Research News

Using complex networks to study intricate patterns

From social to neuronal, networks are omnipresent in our day-to-day lives. Networks such as transportation, power grids, web-pages, facebook, internet etc are complex systems built up of a collection of similar objects with an underlying pattern in their interactions or relations. “This is true for natural numbers, too”, is the thought behind researchers applying complex networks to study patterns in numbers.

Using the framework of complex networks, IISER Pune researchers G. Ambika, Professor in Physics at IISER Pune; graduate student Snehal Shekatkar; and IISER Pune Math faculty member Chandrasheel Bhagwat have found a novel pattern in natural numbers based on the divisibility of the numbers (Nature Scientific Reports 2015:14280).

Networks of different sizes were analyzed to derive information on divisibility patterns

Networks of different sizes were analyzed to derive information on divisibility patterns

In a network of natural numbers generated by the team, each number was a node and two nodes were connected if one of them divides the other (for example, 3 and 12 would be connected but 3 and 14 will not be connected). Networks of different sizes were considered and their topological characteristics were studied and compared.
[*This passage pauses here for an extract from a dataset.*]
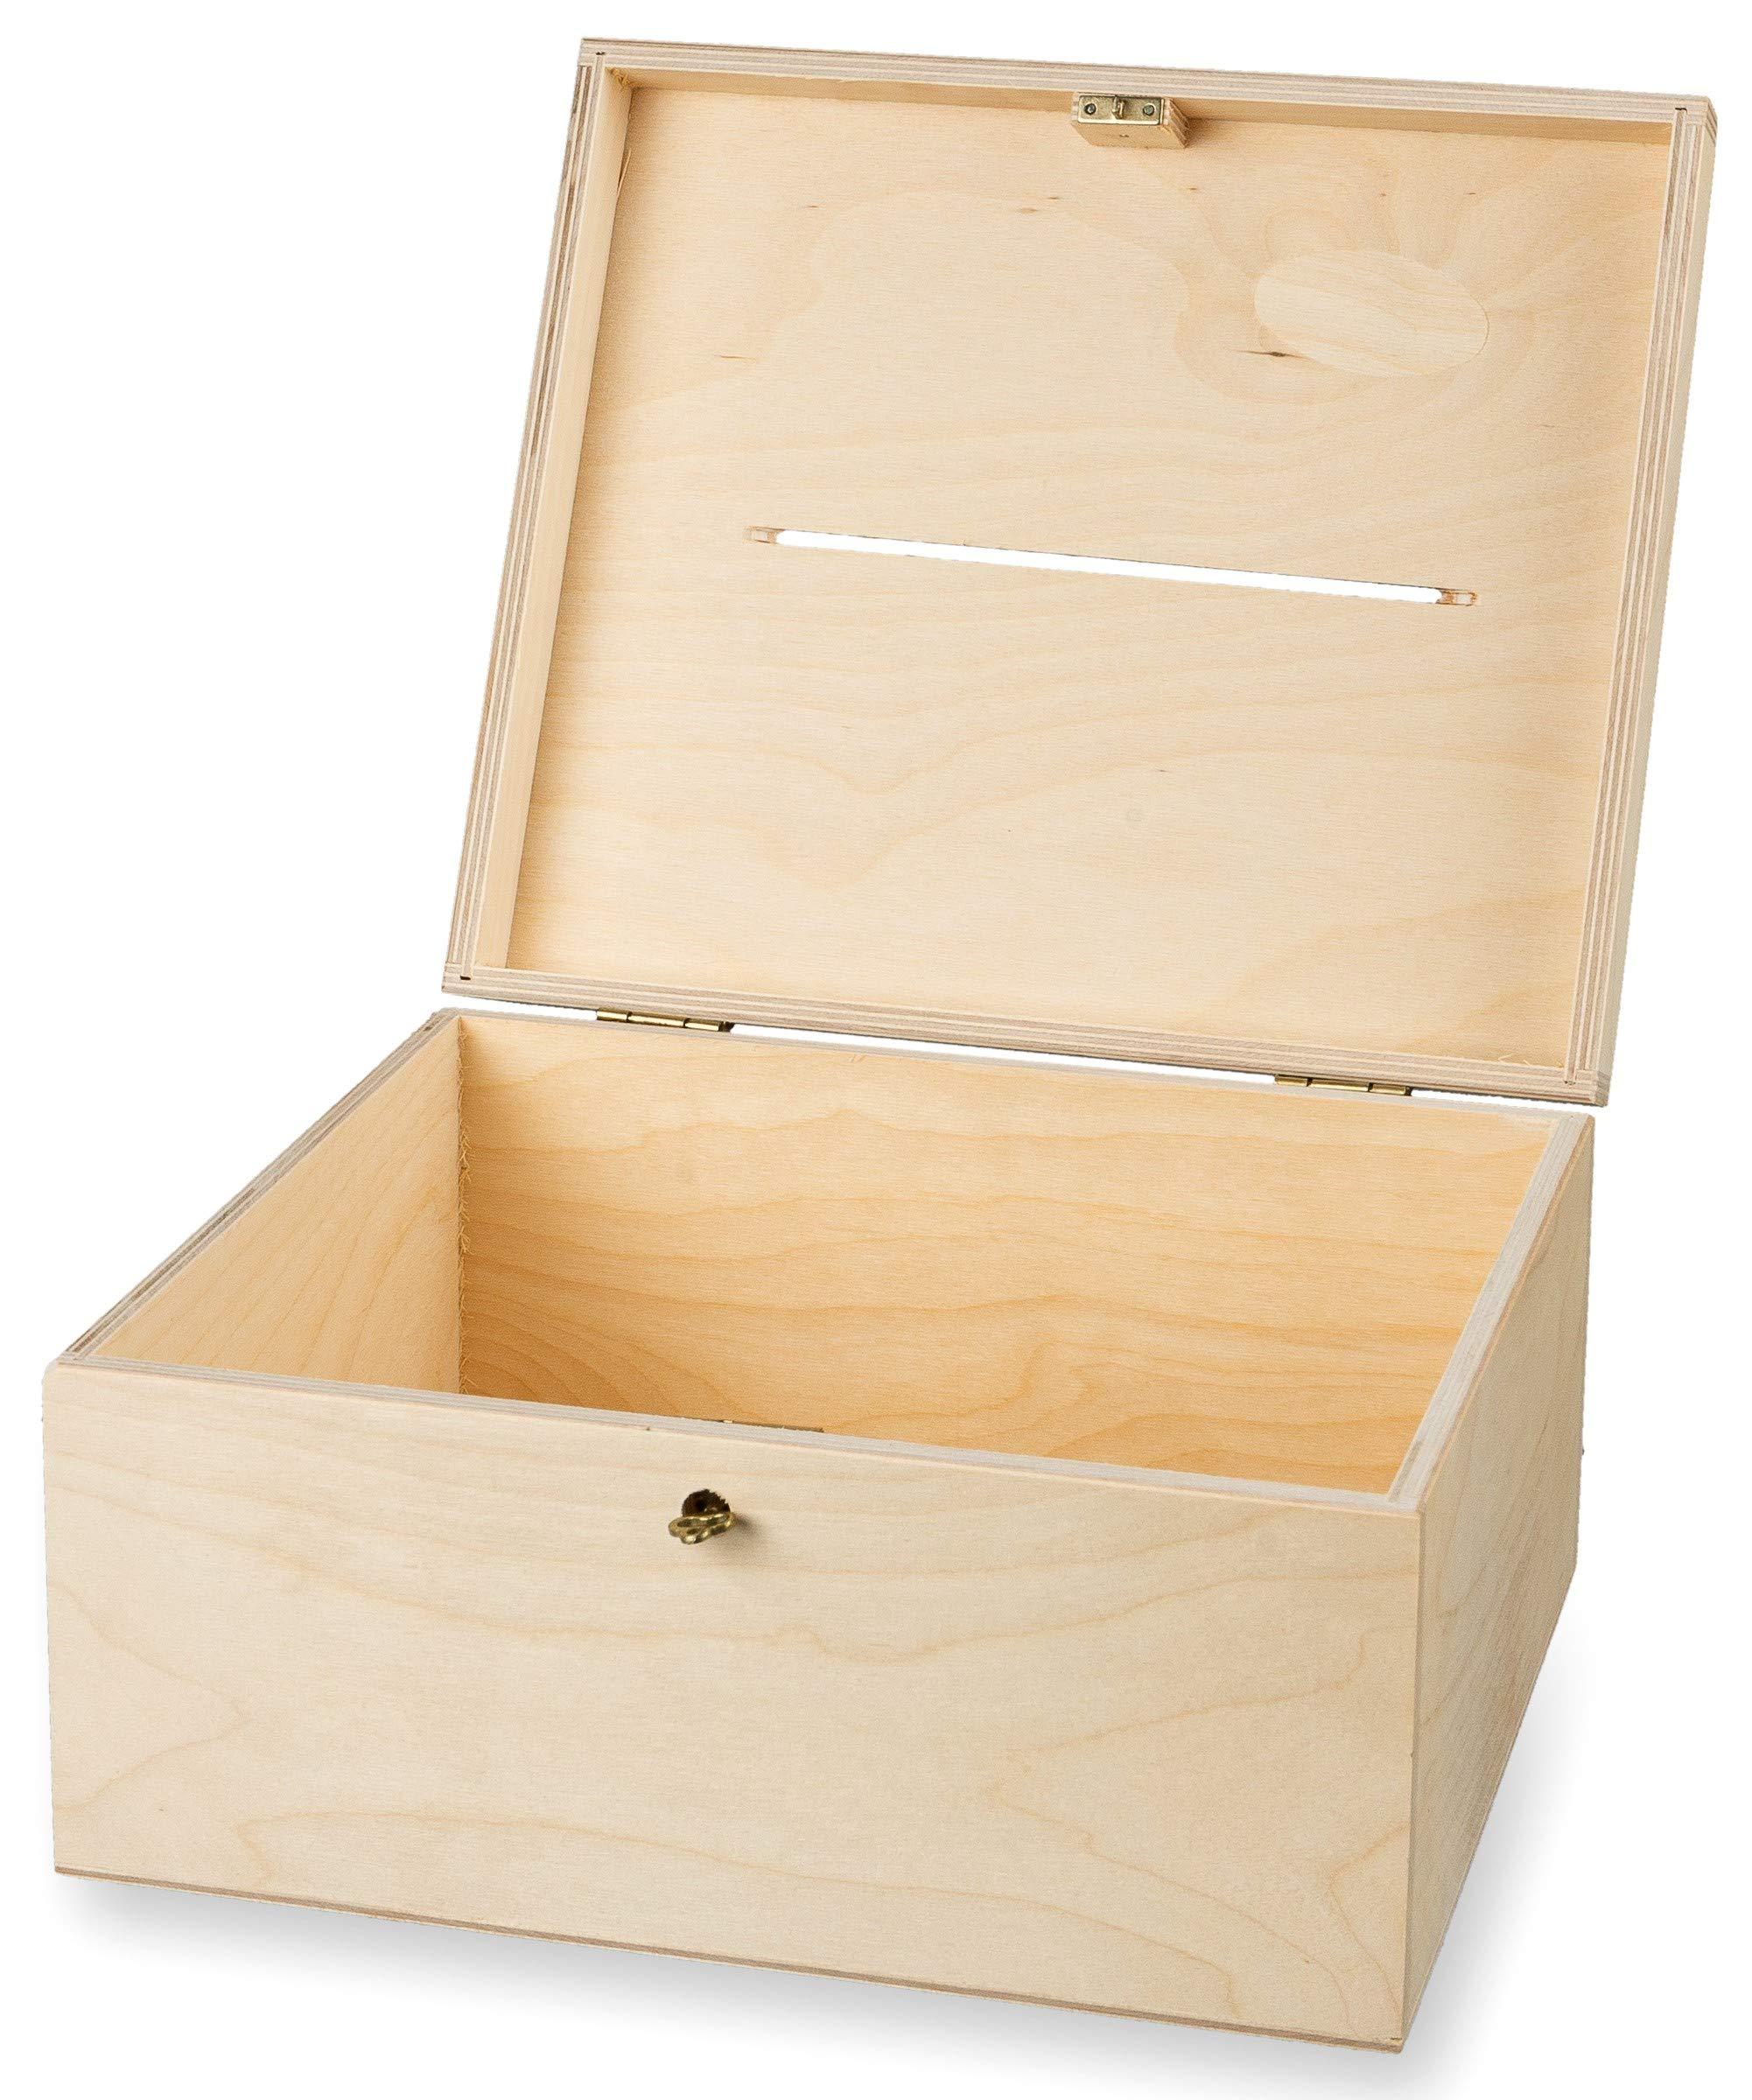 MidiM - Caja de Madera con Tapa y Orificio para Cartas, para Hacer ...

This analysis led them to an interesting observation: divisibility relations did not involve any characteristic scale but the characteristics of the network seemed to vary smoothly with the size of the network. This was surprising in view of the fact that distribution or occurrence of prime numbers has been known to be irregular in the sequence of natural numbers. There was an interesting similarity in the clustering properties of the network. The team named this new phenomenon as “stretching similarity”.

In a separate study, supported by DST DAAD, Prof Ambika and Mr Shekatkar in collaboration with the research group of Prof Juergen Kurths from Potsdam Institute of Climate Impact Research, Germany have studied the connectivity patterns between airports in USA and Europe (Nature Scientific Reports 2015:18183). For this complex system of “network of networks”, the team came up with a relatively simple model called RAIN (RAndom Interacting Network) that predicts the dependence of international connections between Europe and USA, solely on the basis of domestic connections in these two regions. The RAIN model statistically relates intra-network features to inter-network structure and as such its framework is general and can be potentially adapted to various real-world complex systems.